1) Explain the cause of the seasons.





















2) Is Pluto currently considered a planet by astronomers? Why or why not?





















3) Compare and contrast the Greenhouse Effect and the Ozone Layer.





















4) Why do astronauts in the Space Shuttle experience weightlessness?




















Thanks for taking the time to answer a couple or all of these, and jotting down how long it took you to answer. And for any other feedback you may have.

X-posted

Date: 2008-06-14 08:08 pm (UTC)
From: [identity profile] jrtom.livejournal.com
So... 12:48:

(1) The seasons are caused by Earth's axial tilt: between the spring and fall equinoxes, the northern hemisphere is tilted towards the sun, causing the amount of light falling on the northern hemisphere to be greater than that falling on the southern hemisphere. The reverse is true during the other 6 months of the year.
(12:53)

(2) Pluto is not currently considered a planet by astronomers; this is a recent change.
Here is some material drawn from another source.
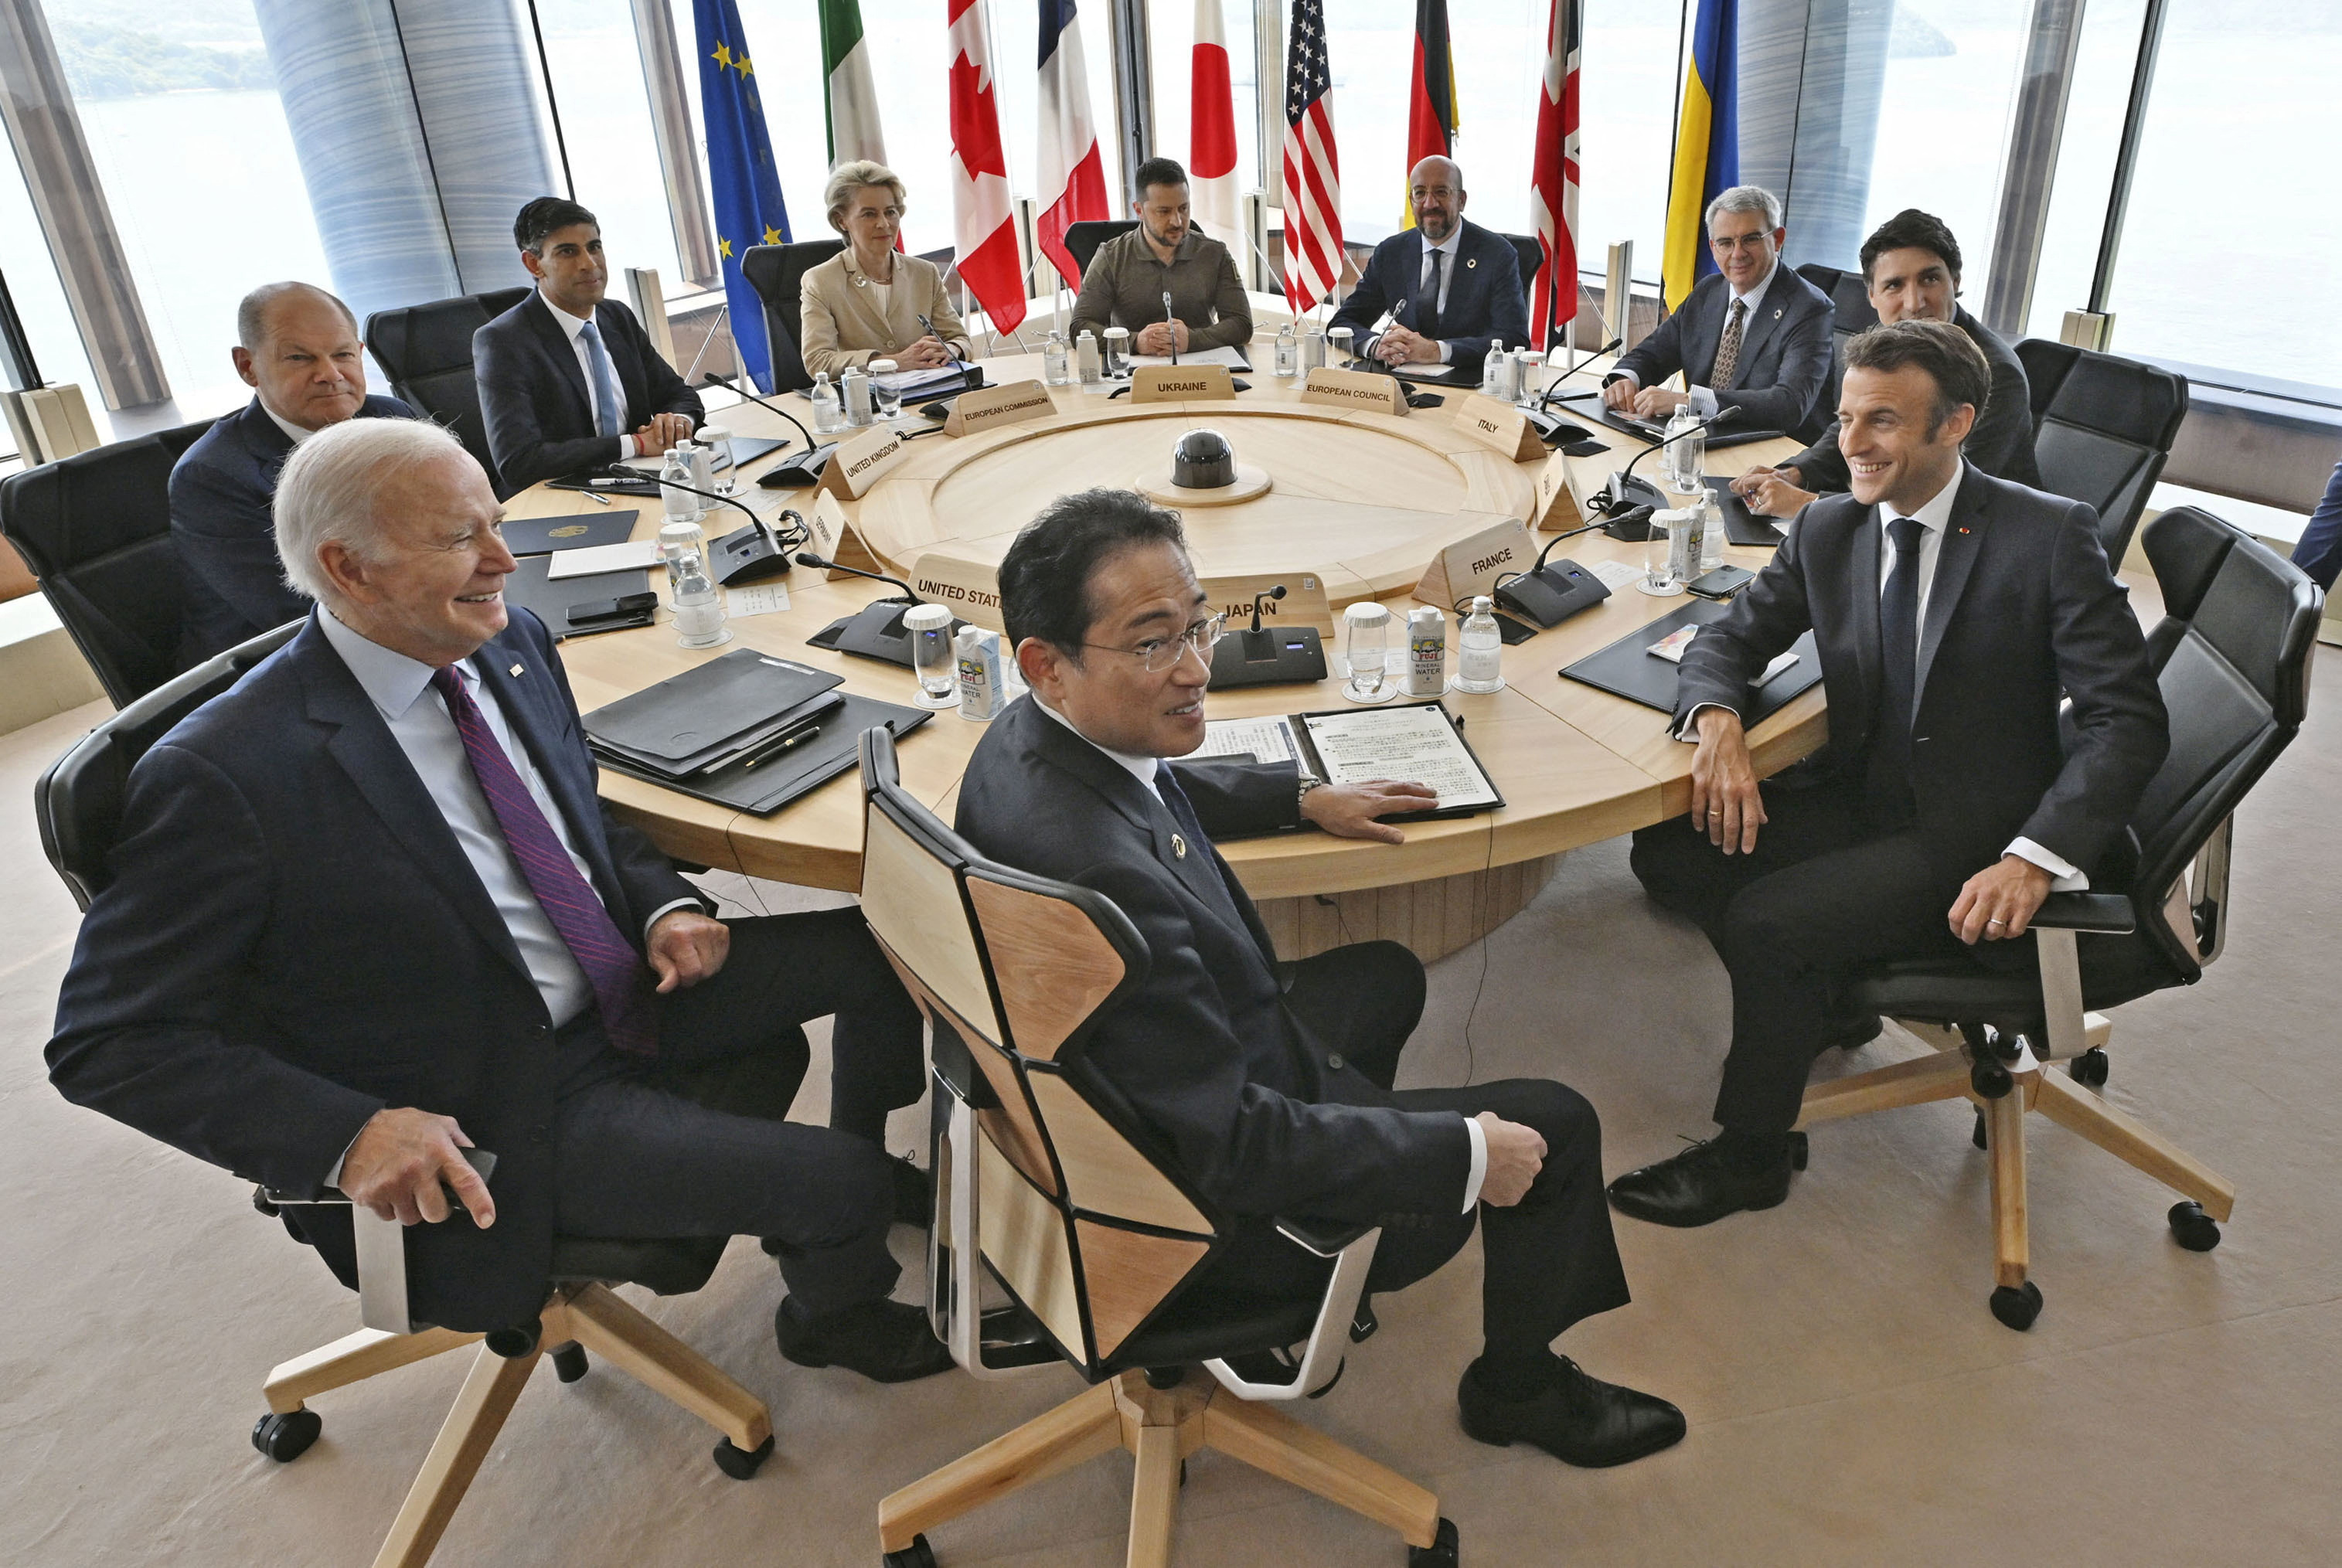 Zelensky aseguró que el poder de las democracias “está creciendo” tras la reunión de líderes del G7. (REUTERS)

In 2006 'planet' was first formally defined by the IAU to be something that orbited the sun, was essentially spherical, and cleared its orbit of debris; Pluto does not satisfy the third criterion and is therefore called a 'dwarf planet'. As of 11 June 2008, Pluto (and other dwarf planets outside Neptune's orbit) are now a class of their own, called 'plutoids'.
reference: http://en.wikipedia.org/wiki/2006_definition_of_planet
(12:58)

(3) [Skipped. This question doesn't make a lot of sense to me. "Discuss the relationship between the phenomenon known as "the greenhouse effect" and the ozone layer" would make more sense, but "compare and contrast" implies that they're the same kind of thing or phenomenon, and they're not. It's sort of like being asked to compare and contrast "inflation" and "the money supply".]

13:01
(4) The same reason anyone who's falling feels weightless: the force due to gravity is not being opposed by any other force, and there's not enough tidal effects (differential acceleration on different parts of their bodies) for them to be able to perceive such effects. They're falling in an essentially circular trajectory around the planet. (The question of why their trajectory is circular is a separate one; for that one, insert more quarters. :) )
13:06

Side point: I type probably in excess of 70 wpm, so you may want to factor that in.

Date: 2008-06-14 08:12 pm (UTC)
From: [identity profile] zandperl.livejournal.com
Lots of people have been complaining about that third question. When I teach a class where I have that question, I usually make it clear in the course of the lecture what I mean. I'm planning to give my answers to all four questions on Monday in case people are curious.